FACTORY FLOOR //

Factory Floor forge a link between the avant garde and the dancefloor with their innovative techno sound.

It’s refreshing to see that the success of London based trio Factory Floor is progressing in tandem with the development of their music, a unique brand of post-industrial, faintly gothic, minimalist techno.

You could argue that the current generation of music listeners is characterised by a scatty pursuit of instant gratification. Scenes and trends pop up, bands scramble to mount bandwagons which crumble within months and everyone suddenly spits it out like gum that has lost its flavour. It’s in this context Factory Floor stand out as a more durable and heavyweight form of band. Over the last few years they’ve shown a little restraint with their musical output, affiliating themselves with producers, labels and promoters who respect artistic integrity. Their records get stronger with each release and they’ve now carved out a truly distinctive sound. Like all the best minimal music, hypnotic repetition is strung out so even the slightest addition – a snare drum or another layer of bass – is anticipated by that feeling of nervous excitement in the pit of the stomach. The band recently released a 12” on the reputable American label DFA, a step which will undoubtedly expose them to a much wider, transatlantic audience.

Factory Floor originally formed in 2005. Their initial sound was heavily indebted to early 80s post-punk and goth. Although tracks like Bipolarare laudable tributes to that era, at that early stage Factory Floor were by no means the behemoth they are today having established their definitive line up. By recruiting Nik Void (previously frontwoman of the now defunct indie band KaitO), Factory Floor ignited a frenetic creative spark. Onstage Nik, Gabriel Gurnsey and Dominic Butler share a remarkable chemistry, and their live shows have procured them a certain notoriety.
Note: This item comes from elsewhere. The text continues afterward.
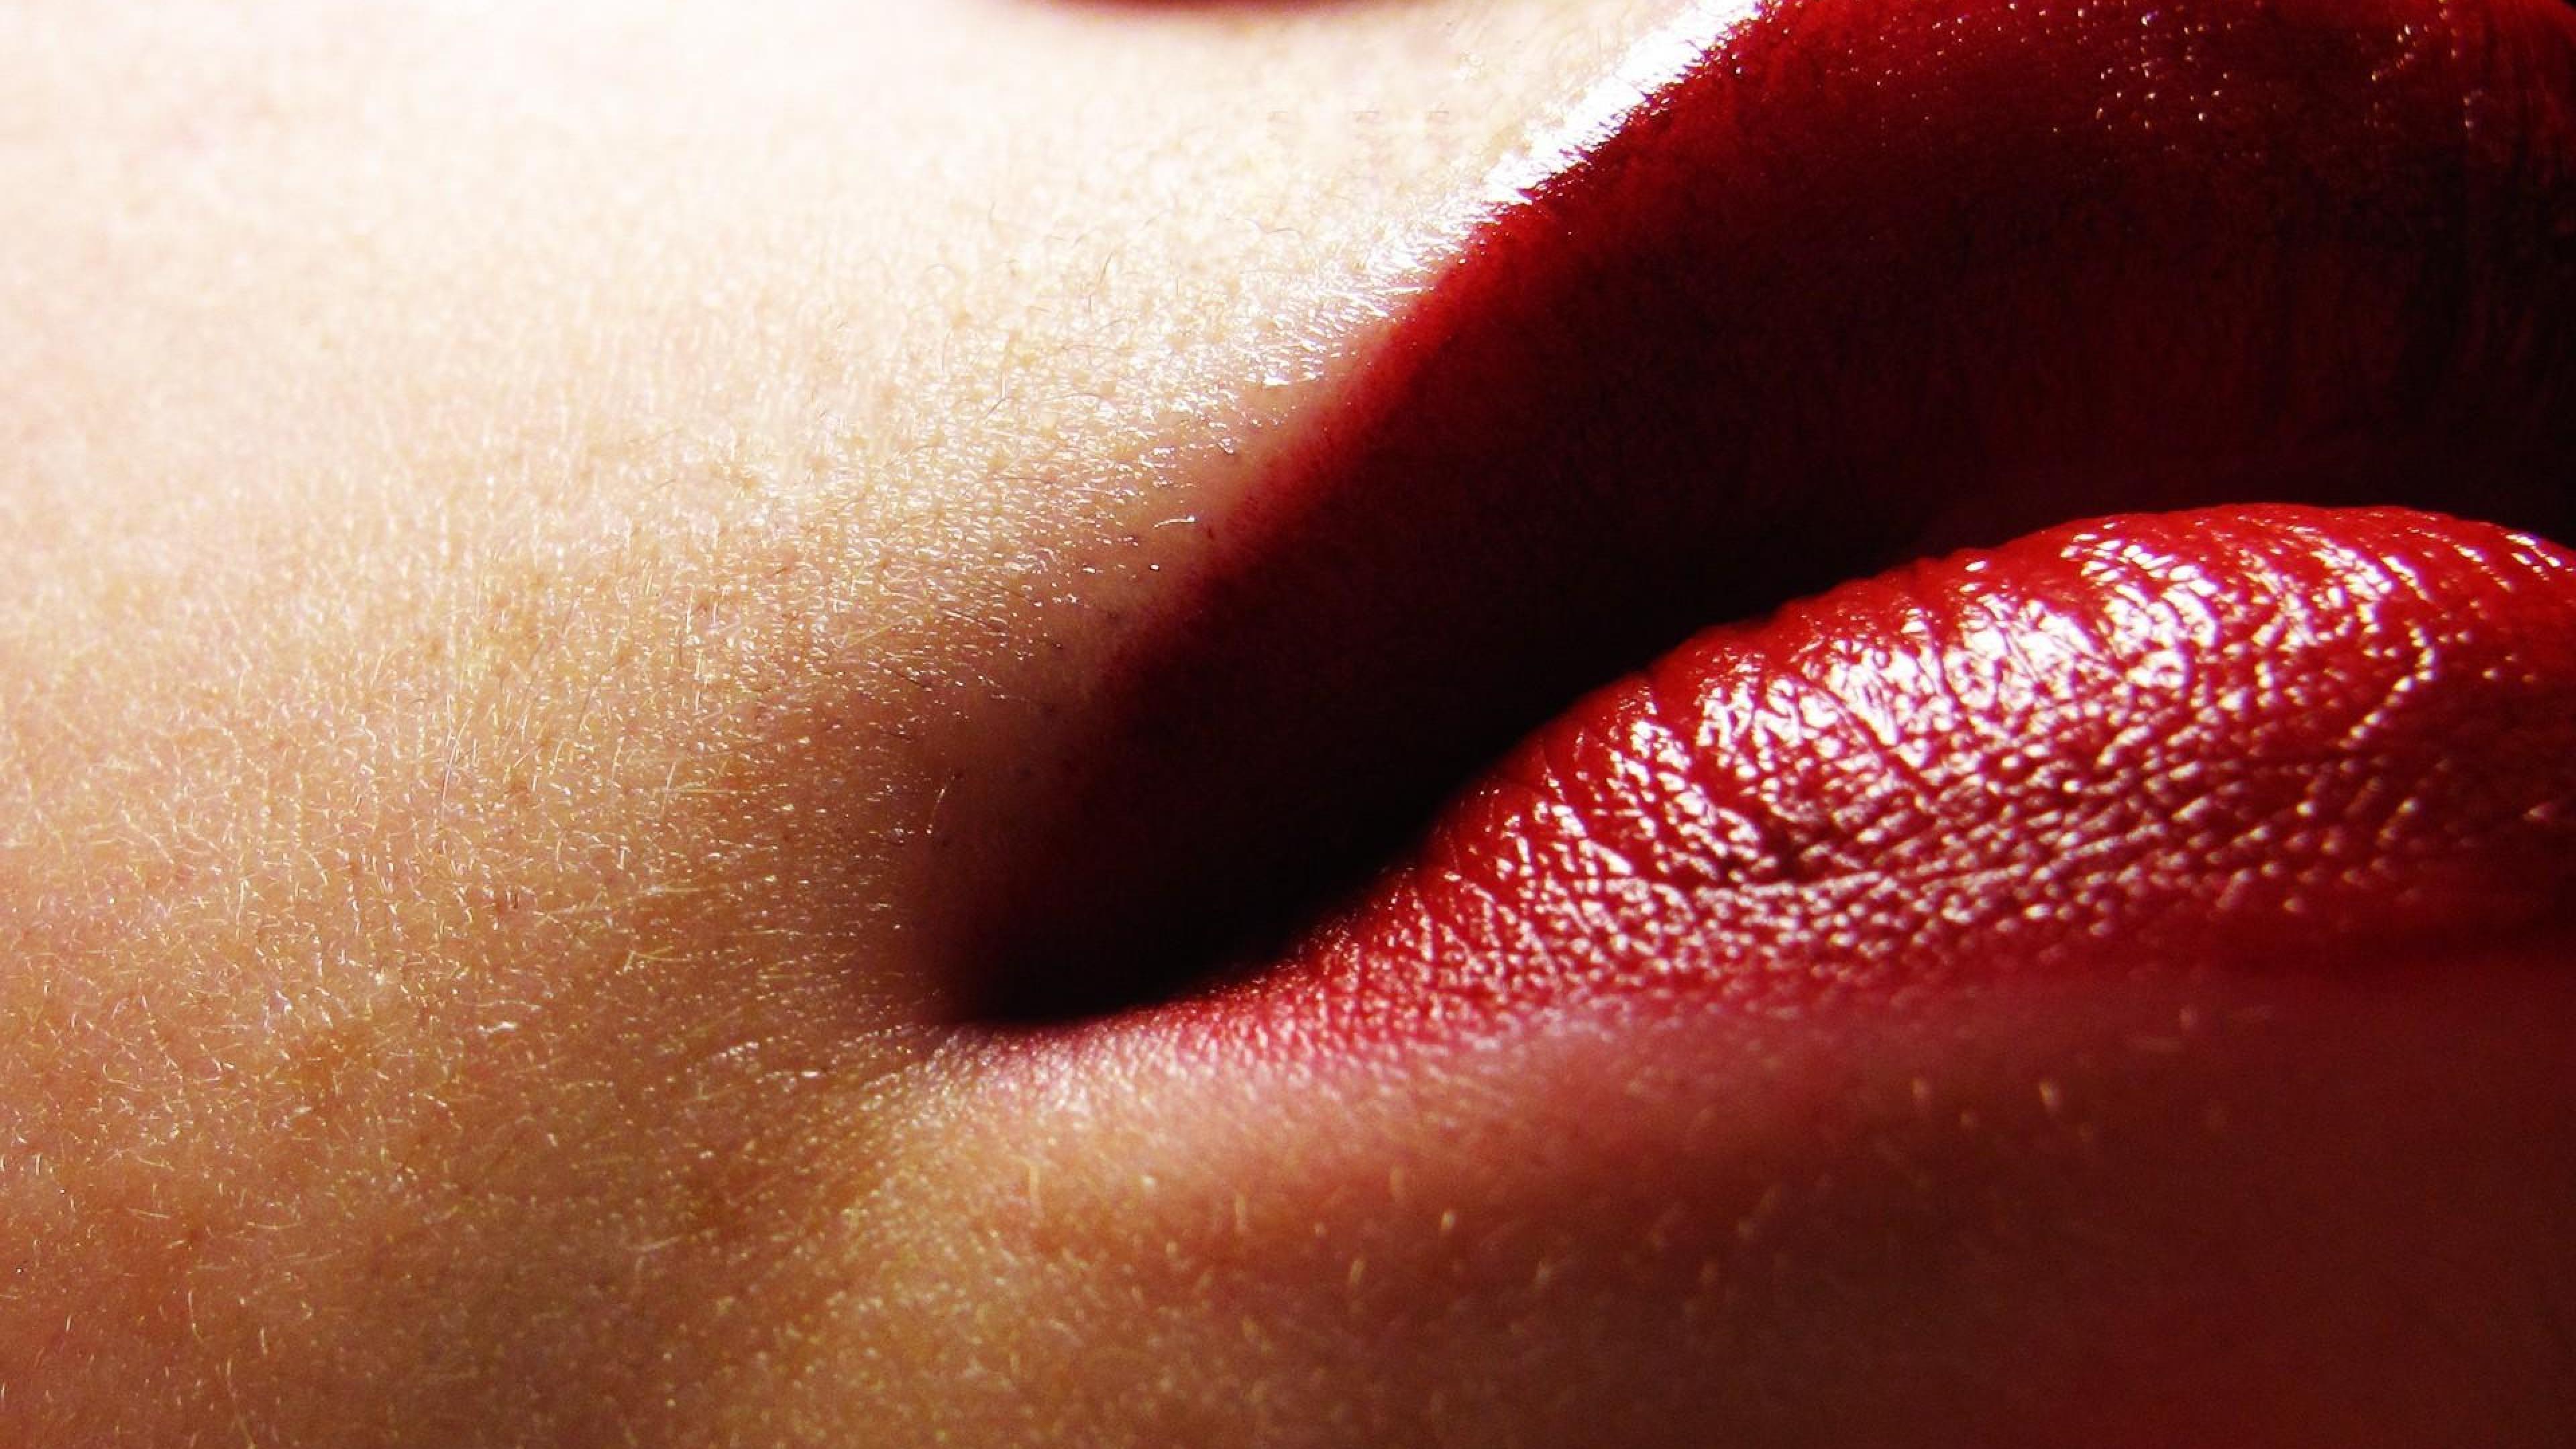 Fall Hipster Wallpapers Hd Red Lips Wallpapers Pixelstalk Net

Factory Floor’s uncompromising manifesto has won them admiration from elder pioneers of avant-garde music. Chris Carter, a member of the cutting edge industrial group Throbbing Gristle, has signalled his approval by remixing Factory Floor’s Lying single and the band played alongside Throbbing Gristle offshoot Chris and Cosey at the Institute of Contemporary Art earlier this year. Factory Floor also struck a chord with Joy Division and New Order member Stephen Morris, who recognised a kinship in both sound and ethos. This led to a collaboration, with Morris taking on production duties for the awesome (R E A L L O V E) single, one of Factory Floor’s best musical achievements to date. You don’t make friends like this if you’re lightweight.

Crack caught up with the band for a chat, achieving a little insight into how they preserve their integrity, and how Factory Floor has become such a brutal live force.
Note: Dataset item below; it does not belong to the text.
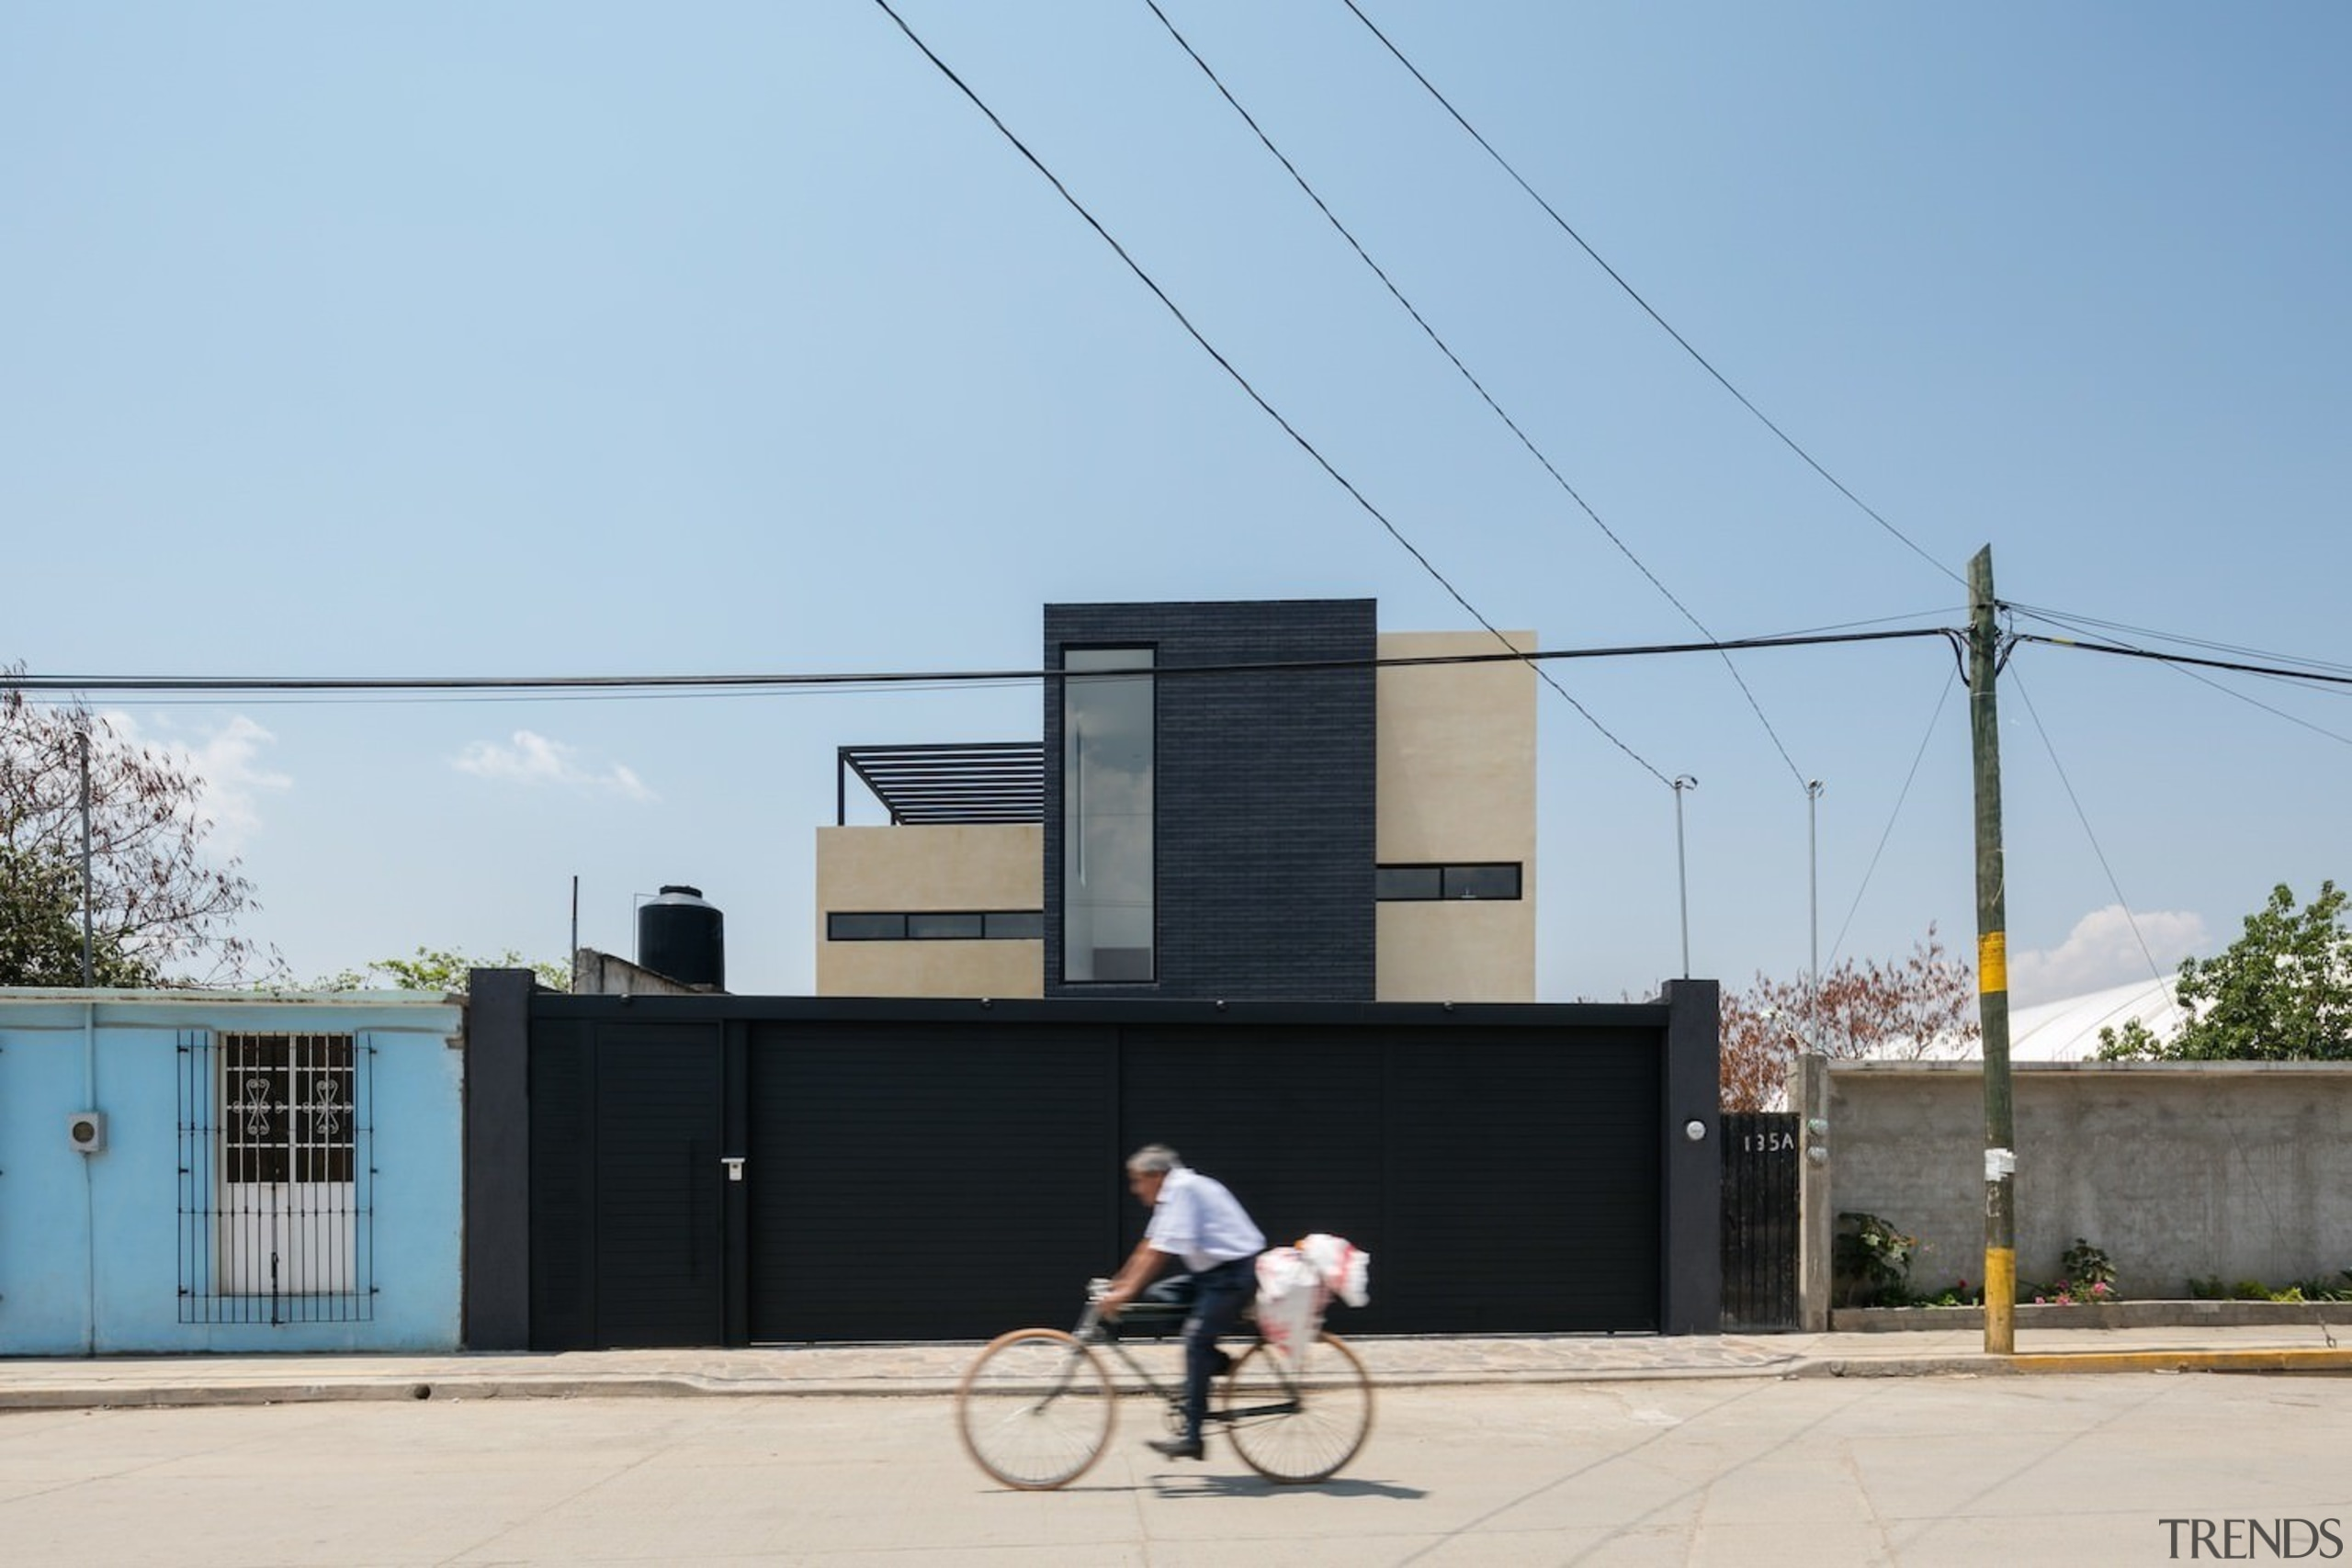 Architect: Espacio 18 ArquitecturaPhotography by Lorena Darquea architecture, building, house, sky, vehicle, teal

Crack saw you live at the Arnolfini Gallery’s 50th birthday last month and the line-up for the night was put together by Qu Junktions, who host experimental and alternative music events. You’re known to perform in some interesting venues and at more tasteful music festivals. Do you get to choose where you play and who you perform for?

Nik: We do get to choose where we play, I think it’s important for our set up. We had a show in Shoreditch where we had a quadraphonic sound and we were playing in the centre, that’s something we want to work towards next year. All these interesting shows are gearing us up to when our record comes out, giving us ideas about how we can present it. We’ve been playing with really amazing leftfield artists, then we’ve got a thing with the older generation of artists like Chris and Cosey and they’re people who admire what we’re doing because we’re coming from the same place.

Gabriel: I guess there are two different paths, which are the dance- orientated stuff and the more experimental side. But we want to cross them over and that’s what we did with the quadraphonic thing. We played a ‘blackout’ show as well, where basically all the audience were in a totally pitch black room and we were just behind a little curtain but they didn’t know who was playing. That was really inspiring and it was really fucking good.

Do you feel under a certain amount of pressure to compromise your sound in order to widen your audience? You’ve had quite a bit of exposure from mainstream publications like the The Guardian and the NME, you could have easily ended up on a conveyor belt of endless tours of o2 Academys etc.

Dominic: I think we’re a bit more in tune with what we want to do. We’re not desperate to please anybody, we’re actually more interested in shows as events as it’s a way of expressing some kind of creativity. When people come and say, ‘we’ve got this, we’ve got that’ [as potential shows to play], it soon becomes apparent if it’s suitable for us, or if it’s totally unsuitable.

G: We do what we’re doing and people pick it up. I guess if they don’t, they don’t, but things like NME have so … it’s an interesting crossover. Our music’s very experimental, but I guess a lot people want to hear something new rather than all the boring bands that are coming out.

Certain developments in technology are in danger of making music more disposable as a commodity. Do you think that your live performances – the volume, the improvisation, the visuals – preserve the idea of the ‘live experience’ and gives the audience something which couldn’t be replicated by watching YouTube footage, for example?

G: That’s really important to us. With our live sound we want it to surround you, so it engulfs people in the noise and the music, and that it’s a physical thing.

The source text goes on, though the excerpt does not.